What you will do -
In your copy, include every line of the listing below exactly but none of the pictures.

Information supplied -
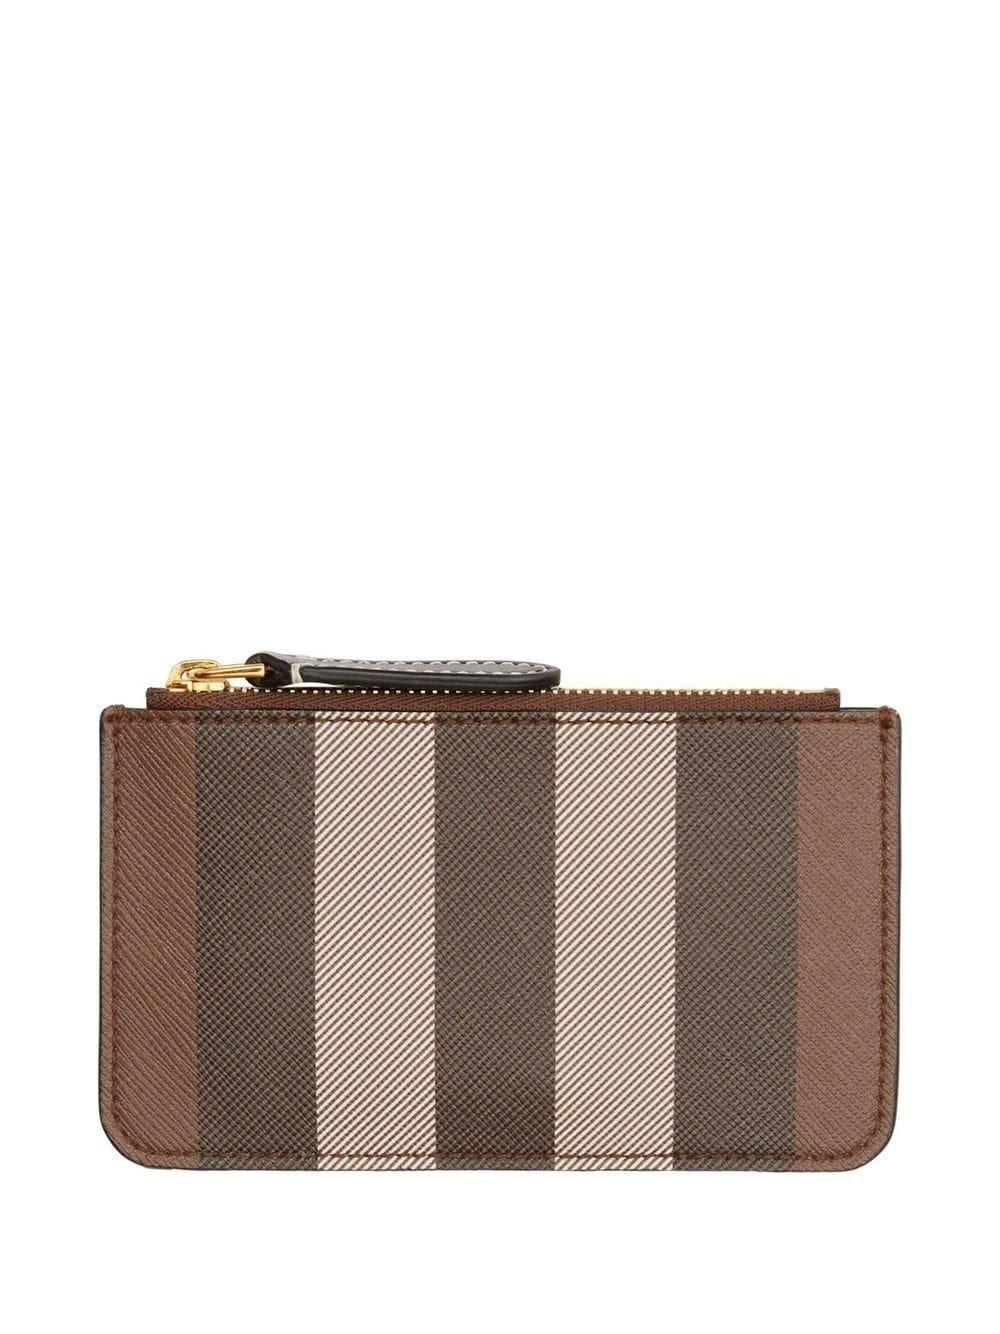 Burberry Striped Zipped Wallet
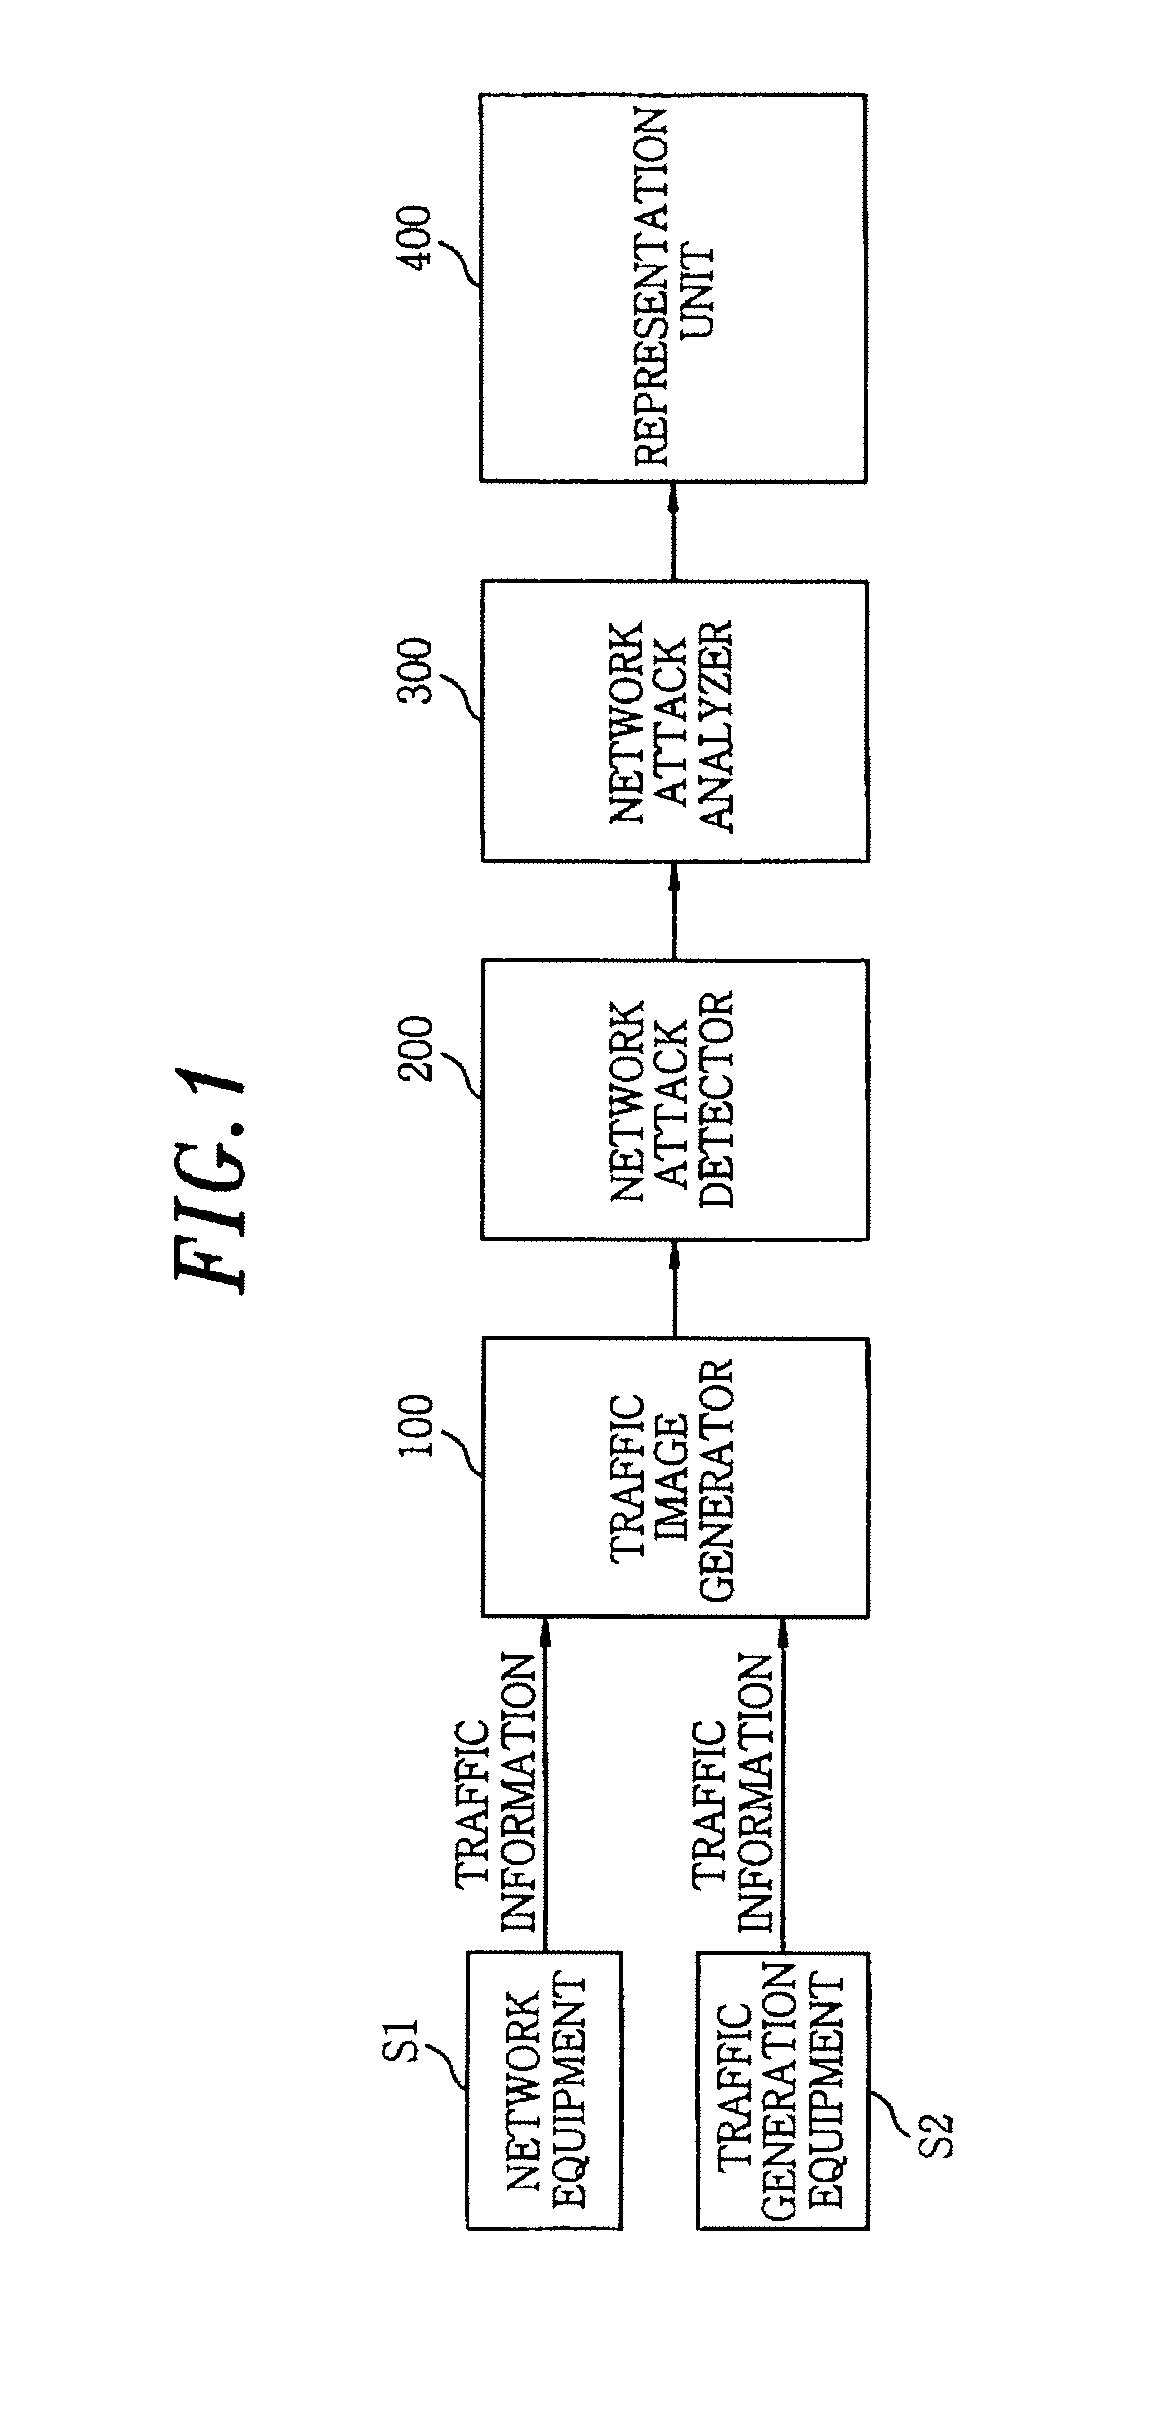 Apparatus and method for detecting network attack based on visual data analysis
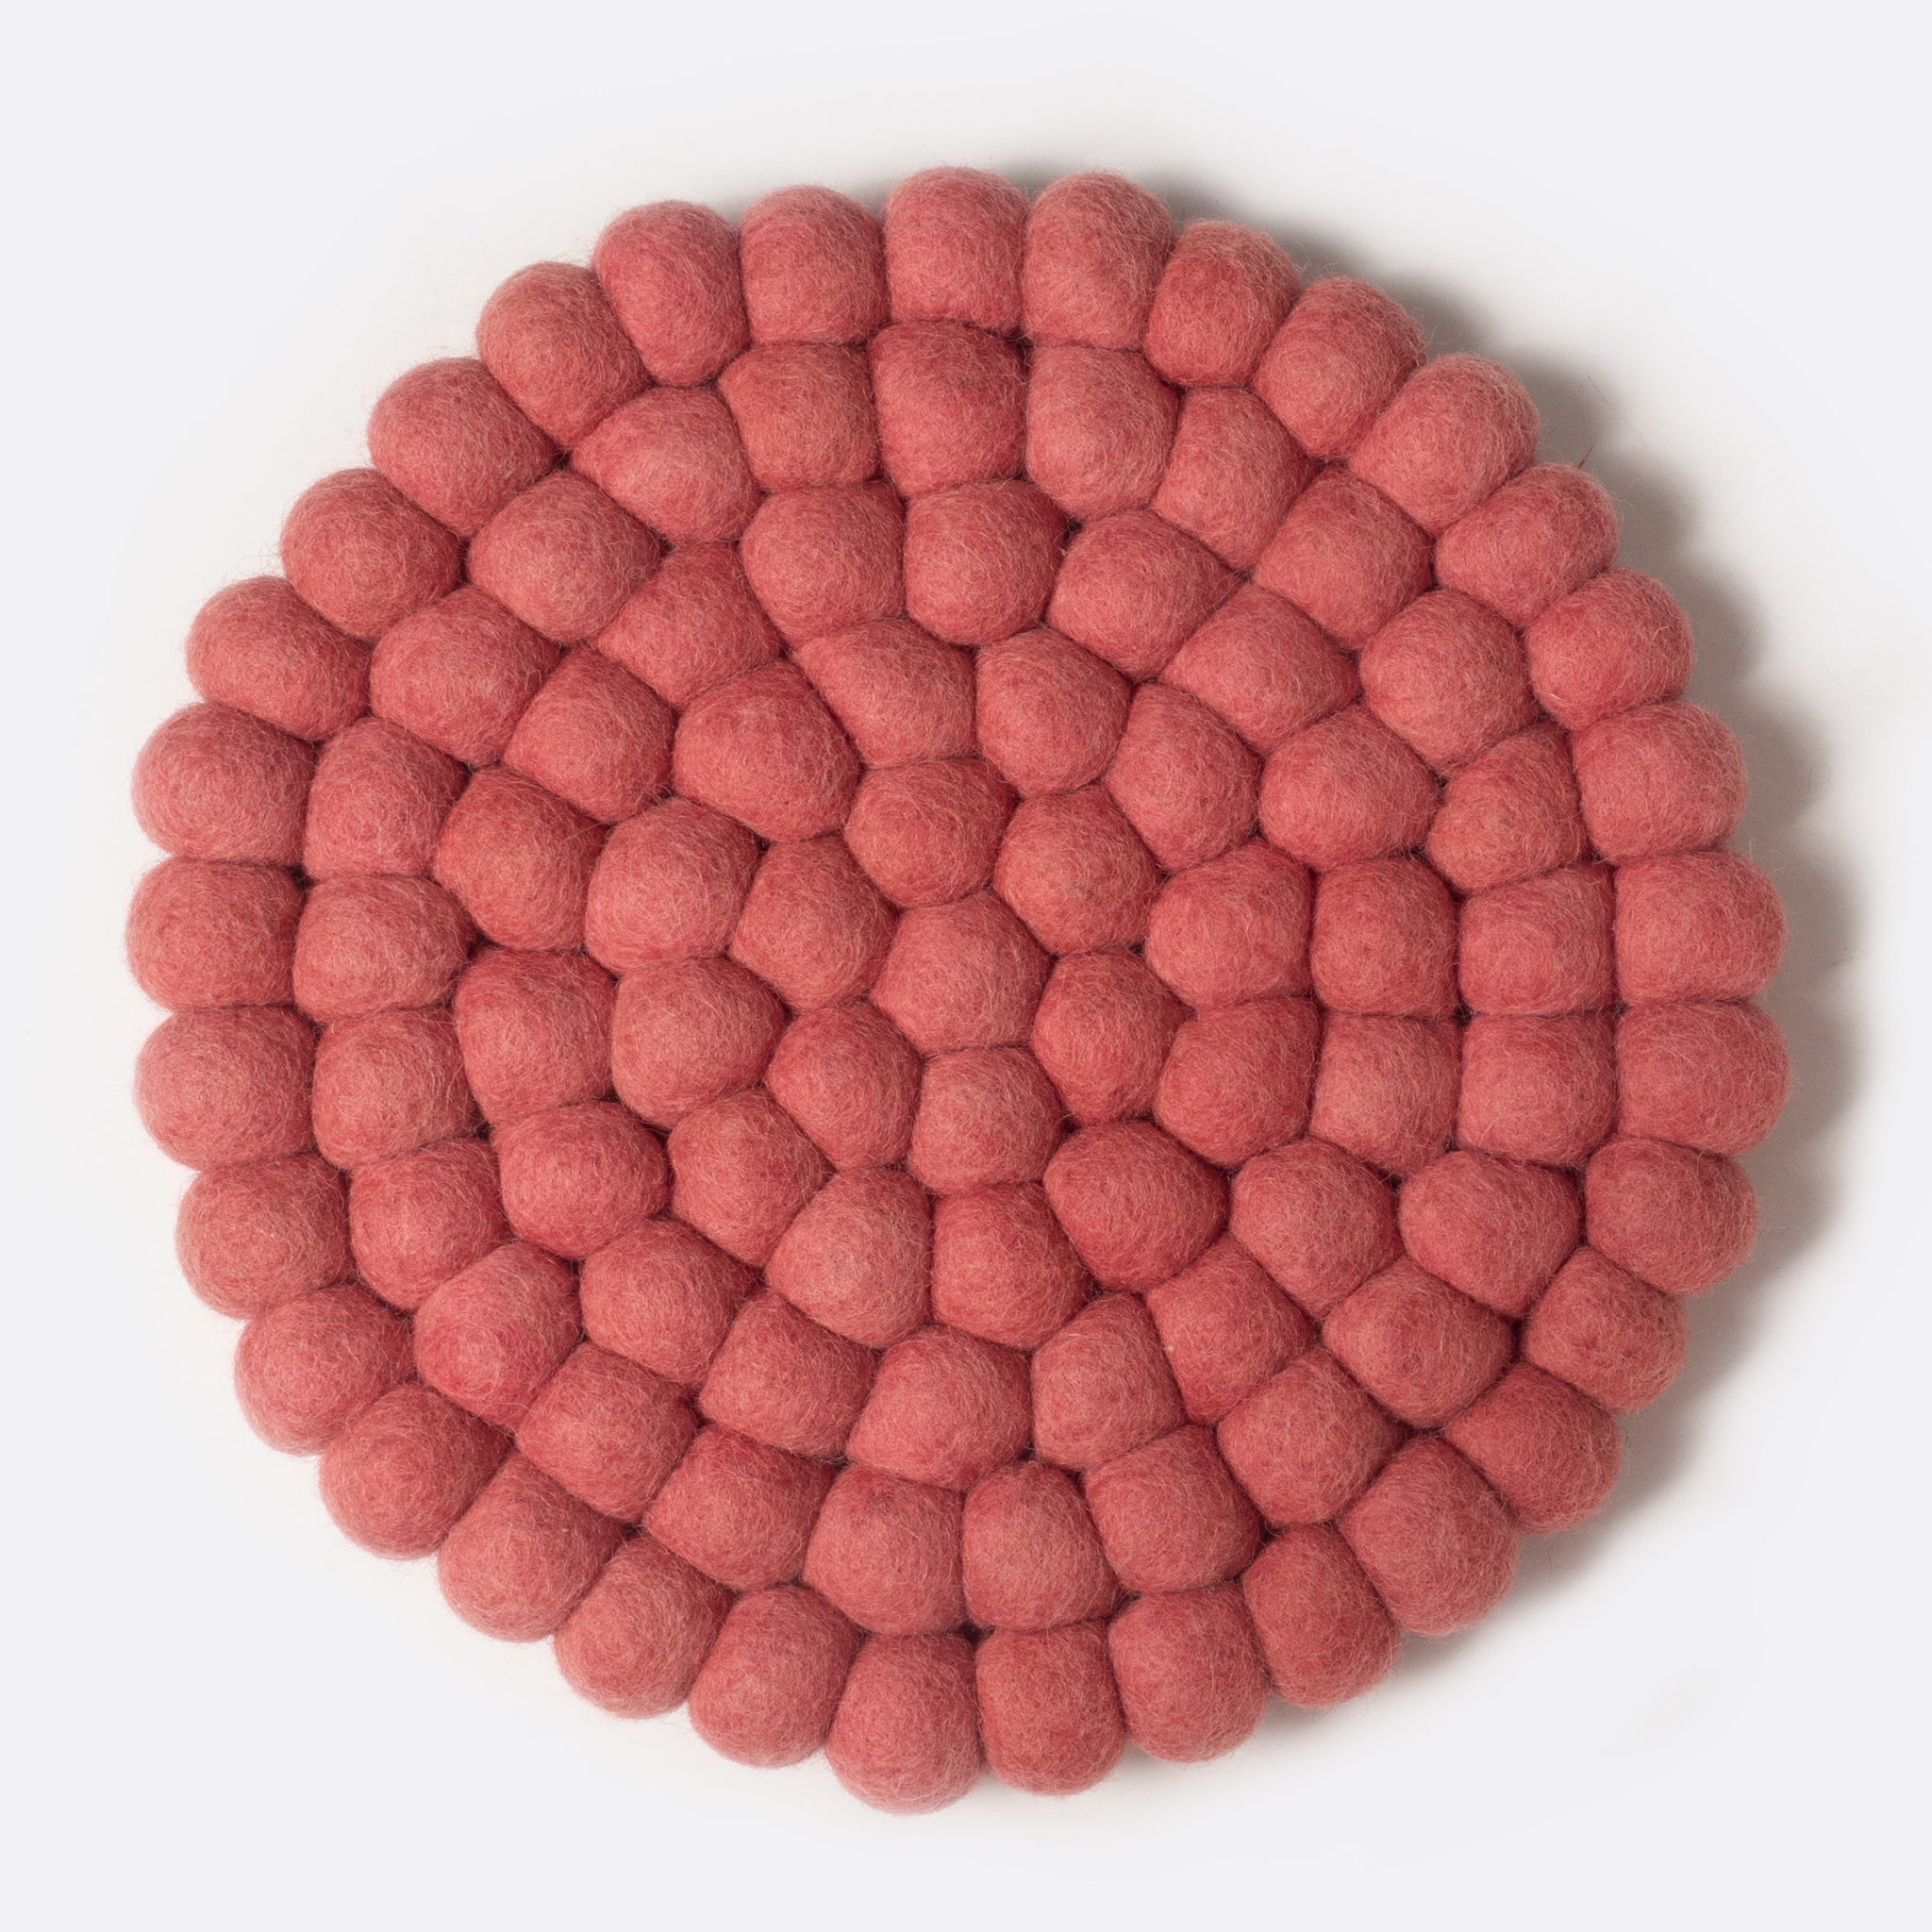 Round felt coaster which is made from little felt balls. The color is rose.

Output of the task -
 Burberry Striped Zipped Wallet
 Apparatus and method for detecting network attack based on visual data analysis
 Round felt coaster which is made from little felt balls. The color is rose.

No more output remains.